People who are less financially secure and already disadvantaged can end up living in an area that is vulnerable to catastrophic natural disasters. In turn, they are also further away from support networks such as community resources, family and essential services and cannot always choose where they seek refuge.
Those who suffered most from Hurricane Katrina were the poorest inhabitants of New Orleans who did not have the resources or the means to leave.
“Those who stayed in New Orleans became even more vulnerable,” says Professor Harms. “And as migrant communities [in Australia] are moving towards more rural centres, you are moving social disadvantage into areas that are more vulnerable to catastrophic natural disasters.”
And without social or infrastructure support following disasters, it is no surprise that mental health can deteriorate.
SAFETY AND STABILITY
The restoration of safety and stability is essential for psychological recovery post-disaster. Vulnerable people cannot always choose where they seek refuge and can be further disadvantaged.
In recent years, the social work profession has focused more on place and environments, recognising how place can make people vulnerable to where they are forced to live economically or socially. Social environment, disaster and climate change awareness have become embedded into social work curriculum and research.
“The Black Saturday affected communities are still recovering. In hard economic terms, it’s an incredible cost, in critical psycho-social terms it’s a major disruption and loss for people,” says Professor Harms.
And life very rarely reverts to normal. People who experience post-traumatic growth following a natural disaster don’t always return to their pre-event state there can be positive as well as the devastating negative outcomes.
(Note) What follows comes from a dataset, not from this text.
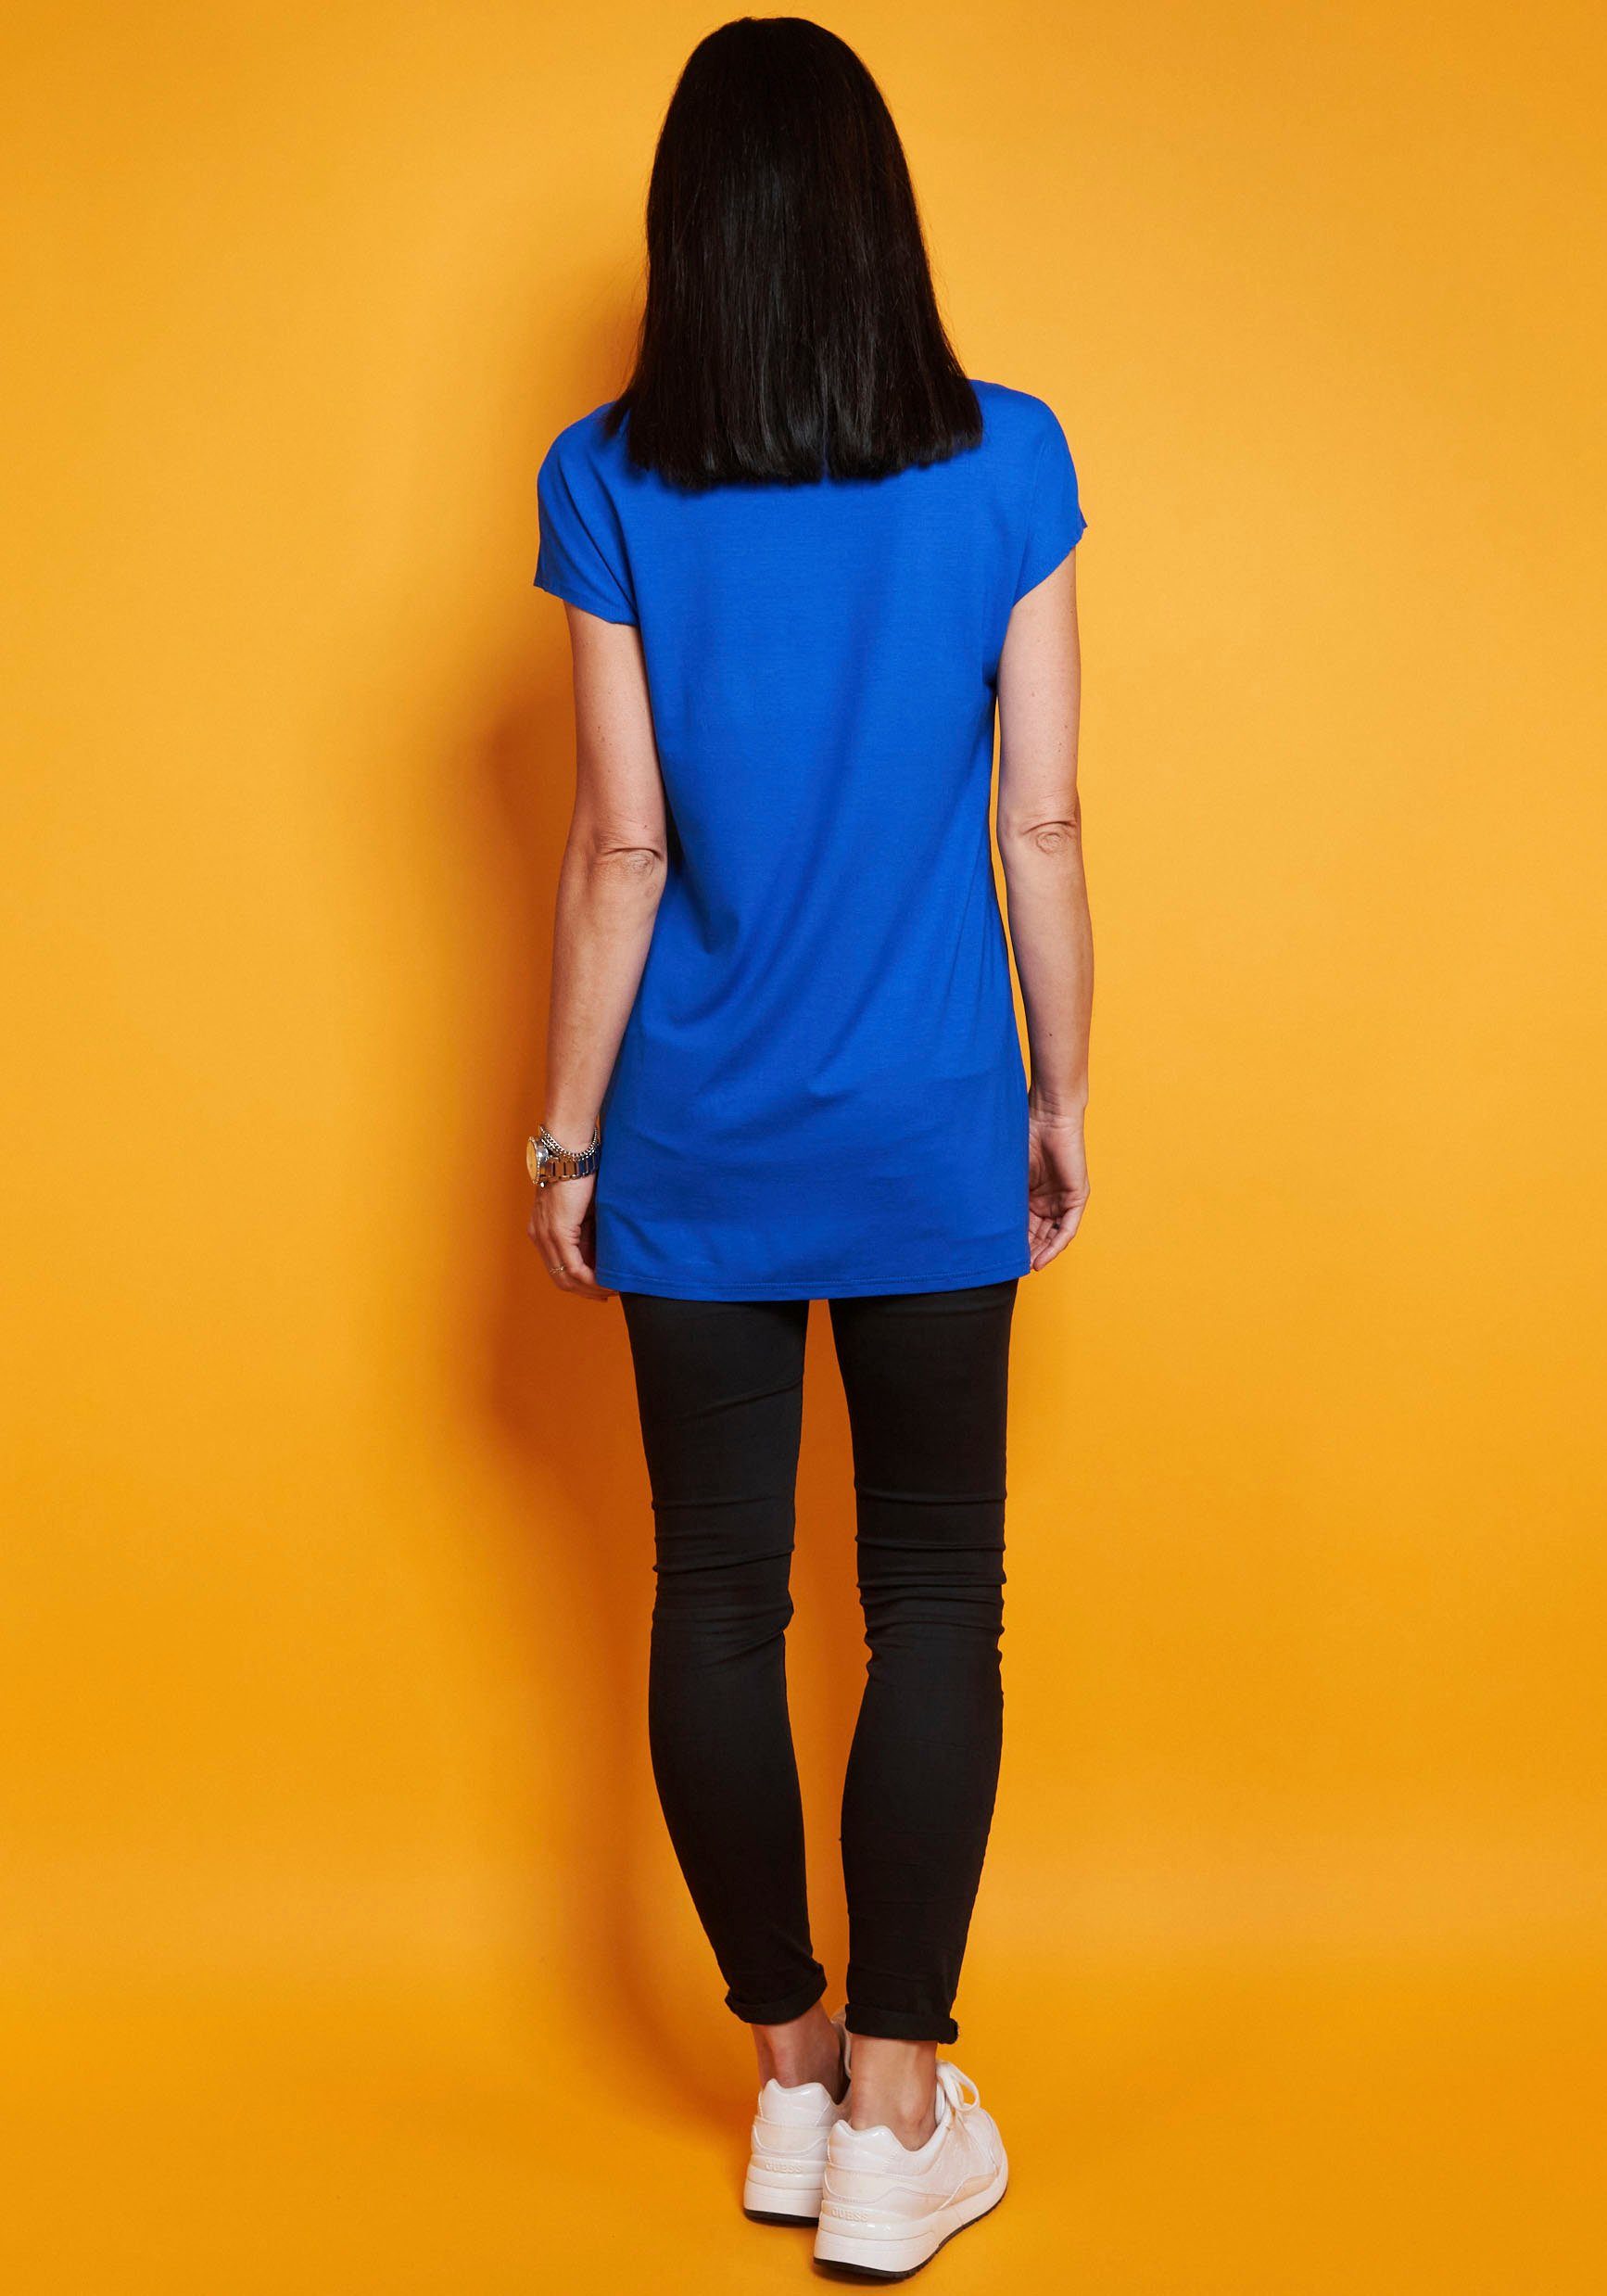 Seidel Moden Longshirt in schlichtem Design blau

Post-traumatic growth recognises that people commonly report that trauma has also been positively transformative.
Growth in areas such as an individual’s sense of self, their relationships with others, and new appreciation of life, new opportunities and spiritual growth all focus on the strengths people have and can develop.
People see it as a wake-up call or a major turning point in their life. They use the experience as a pivot point and make the changes they otherwise would not have made.
“The experience of growth is different from a return to a pre-trauma baseline experience,” says Professor Harms.
This concept has been widely researched by academics as part of the Post-Traumatic Growth Project led by Professor Harms.
As an expert in environmental disaster recovery, Professor Harms covers socio-ecological aspects of trauma emphasising the importance of strong social networks in the recovery and post-traumatic growth process coupled with support of strong systems and resources.
“Many Black Saturday affected people have emphasised the role of their families, friends and neighbours in helping them get on with life. Community-led groups have initiated diverse creative responses that have restored and sustained people’s well-being,” says Professor Harms.
These social ties and connection to communities matter a great deal in recovery and growth.
Associate Professor Gibbs says “having more close emotional ties is generally related to better mental health and personal wellbeing several years after a disaster. Involvement in local community groups and organisations is also associated with more positive outcomes.
“Separation from close loved ones, during and immediately after the fires, was a risk factor for sustained mental health problems for people who tend to feel anxious about their relationships.”
Professor Harms’ recent book Understanding Trauma and Resilience explores further the idea of recovery, adaptation, renewal and resilience offering a theoretical base and analysis of the stages and response to trauma.
It is no surprise to see the similarity in terminology for trauma recovery and climate change response. Adaptation and resilience are key buzzwords – for a reason – in climate circles for countries and cities that have to deal with the consequences of atmospheric changes that any inevitable increase in global temperatures will have.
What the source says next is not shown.